# 17 year old - Hunt Alone?



## DartonShooter (Oct 26, 2001)

My 17 year old son has informed me that this year, for firearm deer season, he would like to go out on state land, near our home, and rifle hunt with some of his friends instead of being "watched" by me. I was wondering if this is legal. I know he has to buy the adult license this year and that he doesn't have to be supervised, but my question pertains more to the "under 18" thing about him carrying and transporting a firearm on his person and in his vehicle. Can I just let him grab his gun and go out?


----------



## Guest (Nov 6, 2002)

Yes, he's free to go.


----------



## boehr (Jan 31, 2000)

Legal with a longarm.


----------



## DartonShooter (Oct 26, 2001)

Thanks guys!


----------



## Guest (Nov 7, 2002)

boehr

Isn't it illegal for anyone under 18 to possess a firearm without the supervision of an adult? Would a 17 year-old that was hunting alone be violating one of our many gun laws? Wouldn't it be illegal for him to transport the firearm?


----------



## boehr (Jan 31, 2000)

750.234f Possession of firearm by person less than 18 years of age; exceptions; violation as misdemeanor; penalty.

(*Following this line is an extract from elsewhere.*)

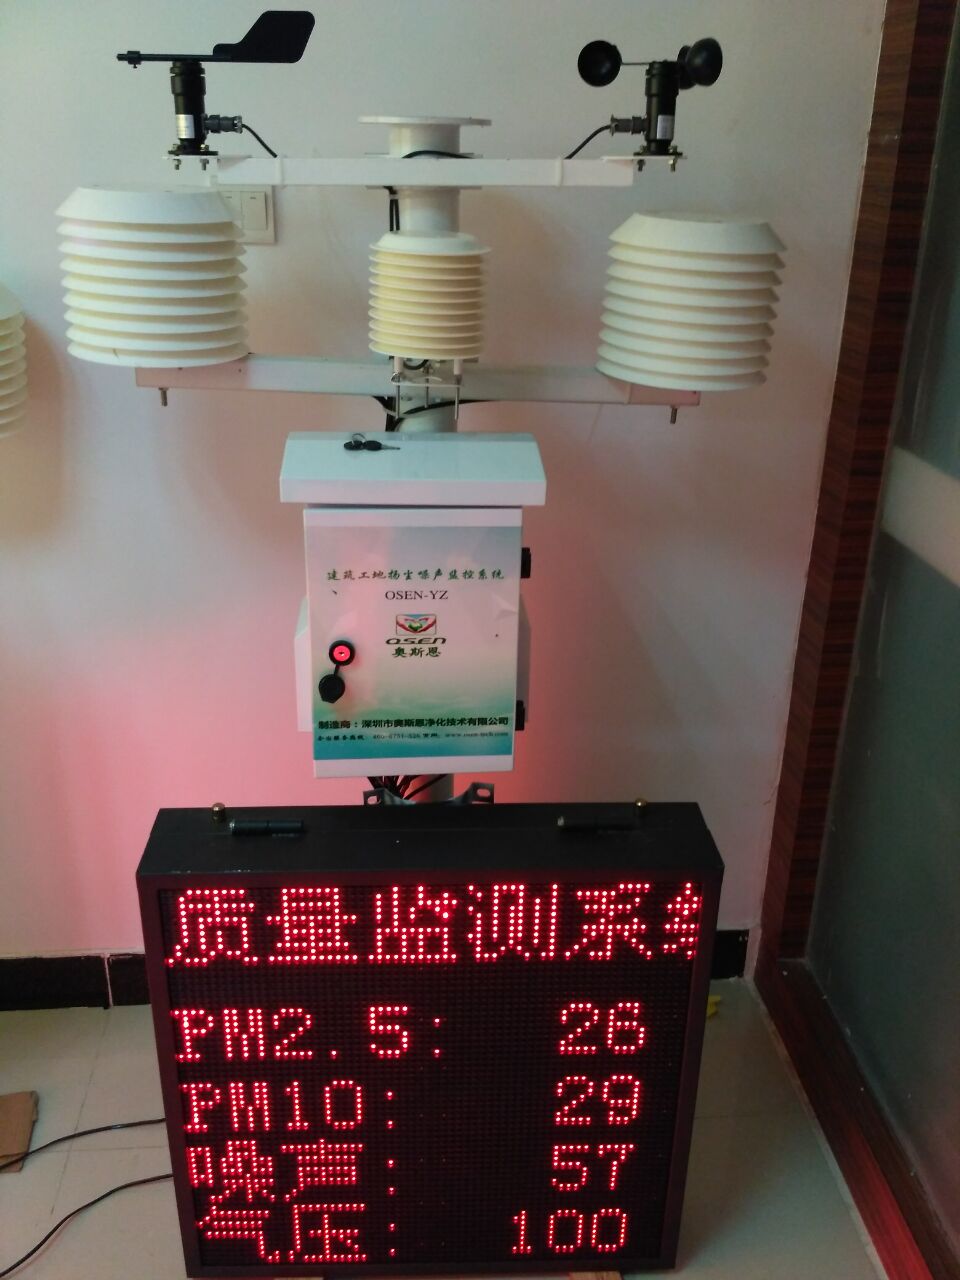 深圳建筑工地扬尘噪声在线监测设备 24小时在线监控 无缝对接国控点

Sec. 234f. (1) Except as provided in subsection (2), an individual less than 18 years of age shall not possess a firearm in public except under the direct supervision of an individual 18 years of age or older.
*(2) Subsection (1) does not apply to an individual less than 18 years of age who possesses a firearm in accordance with part 401 (wildlife conservation) of the natural resources and environmental protection act, Act No. 451 of the Public Acts of 1994, being sections 324.40101 to 324.40119 of the Michigan Compiled Laws, or part 435 (hunting and fishing licensing) of Act No. 451 of the Public Acts of 1994, being sections 324.43501 to 324.43561 of the Michigan Compiled Laws. However, an individual less than 18 years of age may possess a firearm without a hunting license while at, or going to or from, a recognized target range or trap or skeet shooting ground if, while going to or from the range or ground, the firearm is enclosed and securely fastened in a case or locked in the trunk of a motor vehicle.*
(3) An individual who violates this section is guilty of a misdemeanor, punishable by imprisonment for not more than 90 days, or a fine of not more than $100.00, or both.


----------



## Guest (Nov 7, 2002)

Thanks for clearing that up for me.


----------



## dugfish (Jan 11, 2002)

when i grow up i want to be just like Boehr


----------



## boehr (Jan 31, 2000)

dugfish...I wouldn't wish that on nobody.


----------



## Mags (Apr 10, 2002)

boehr,

In all sincerity, I wish we knew how to convey to you the gratitude for all your time and energy to this site. We may not always like or understand the rules that govern us, but your effort to explain and educate us in what are in fact the laws and regulations governing sportsmen is valued immeasureably. Your knowledge and information resources enrich us all! Thank You!


----------